Let $C_{i,j}$ be the $(i,j)$-cofactor of $A$.
Then, $C_{i,j}=(-1)^{i+j}\det A_{i,j}=0$ if $i,j$ are two integers such that $i,j\in\{1,\dots,n\} $ and $i<j$.
So, $$A^{-1}=\frac{1}{\det A}\begin{pmatrix}C_{11}&C_{21}&\cdots&C_{n,1}\\ C_{12}&C_{22}&\cdots&C_{n,2}\\ \vdots&\vdots&&\vdots\\ C_{1n}&C_{2n}&\cdots&C_{n,n}\\ \end{pmatrix}=\frac{1}{\det A}\begin{pmatrix}C_{11}&C_{21}&\cdots&C_{n,1}\\ 0&C_{22}&\cdots&C_{n,2}\\ \vdots&\vdots&&\vdots\\ 0&0&\cdots&C_{n,n}\\ \end{pmatrix}.$$

Answer 8

The proof is based on cayley–hamilton theorem.

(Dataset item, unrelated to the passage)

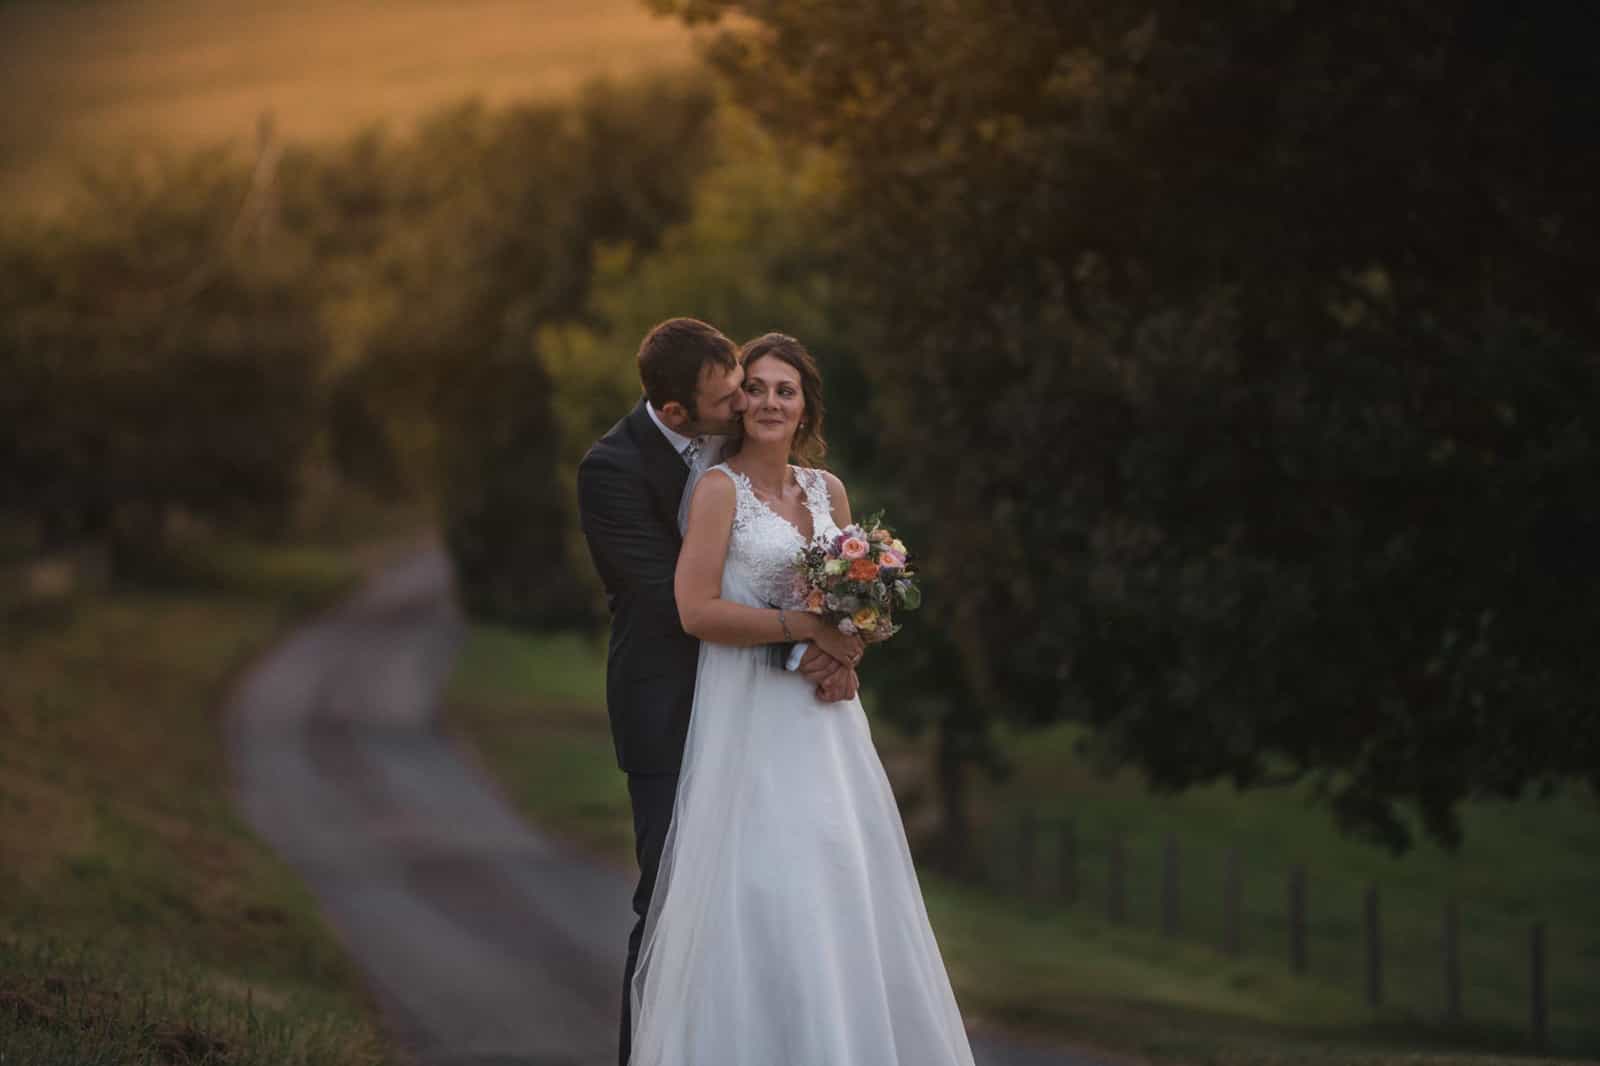 Intimate Weddings at Pauntley Court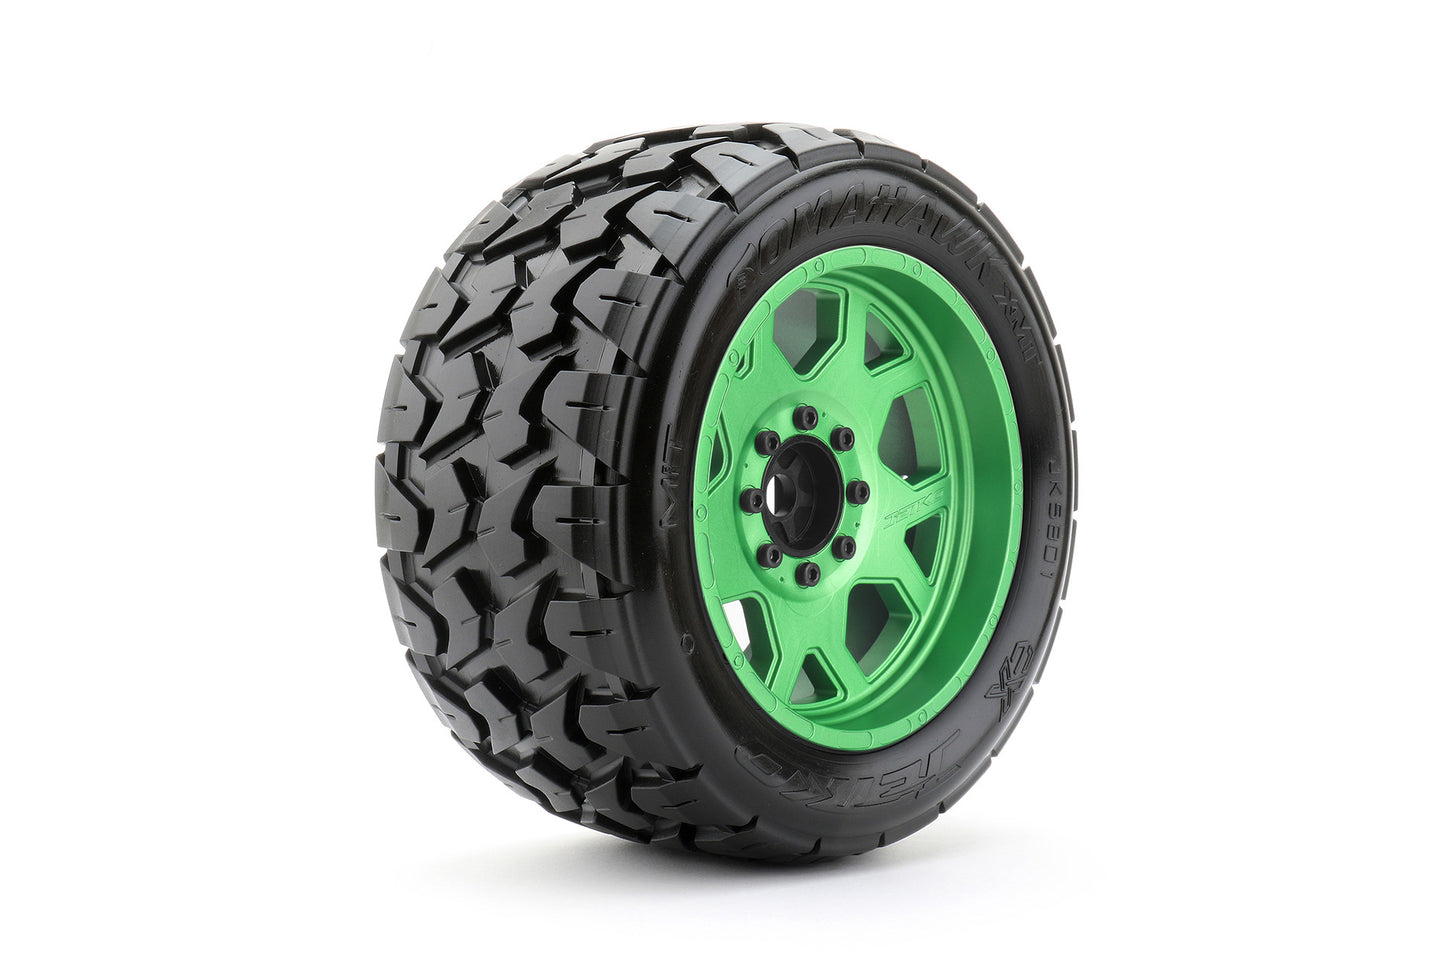 1/5 XMT EX-Tomahawk Tires Mounted on Metal Claw Rims, Medium Soft, Belted, 24mm, for Arrma Kraton

Suppose $A$ is upper triangular matrix. Then we know the characteristic polynomial of $A$ is $P_A(\lambda)=(\lambda-\lambda_1)(\lambda-\lambda_2)...(\lambda-\lambda_n)$. By cayley–hamilton theorem we know $P_A(A)=0$, i.e.$(A-\lambda _1I)(A-\lambda _2I)...(A-\lambda _nI)=0$, from where we can see that $I=A\frac{\sum_i{c_iA^i}}{\underset{i}{\Pi}\left( -\lambda _i \right)}$ where $c_i$ can be solved from $P_A(A)=0$. Compare $I=A\frac{\sum_i{c_iA^i}}{\underset{i}{\Pi}\left( -\lambda _i \right)}$ with $I=AA^{-1}$ we can see that $A^{-1}$ is also upper triangular matrix.

Answer 9

Just to be add a simple answer, I will add another one. Note that, by the $QR$ decomposition, for any invertible upper-triangular matrix $U$, there exist an upper-triangular matrix $R$ and an orthogonal matrix $Q$ so that $U^{-1} = Q R.$ Hence, ${(R U)^{-1}} = Q.$ This implies that, inverting both sides, $$R U = Q^{T}.$$ Since the product of two upper-triangular matrices are still upper triangular, we have found an orthogonal upper-triangular matrix, which is impossible unless $Q=D$, for some diagonal Matrix $D$, see this link.. Thus the result follows by noting that $$U^{-1}=Q R = DR,$$ which is upper-triangular.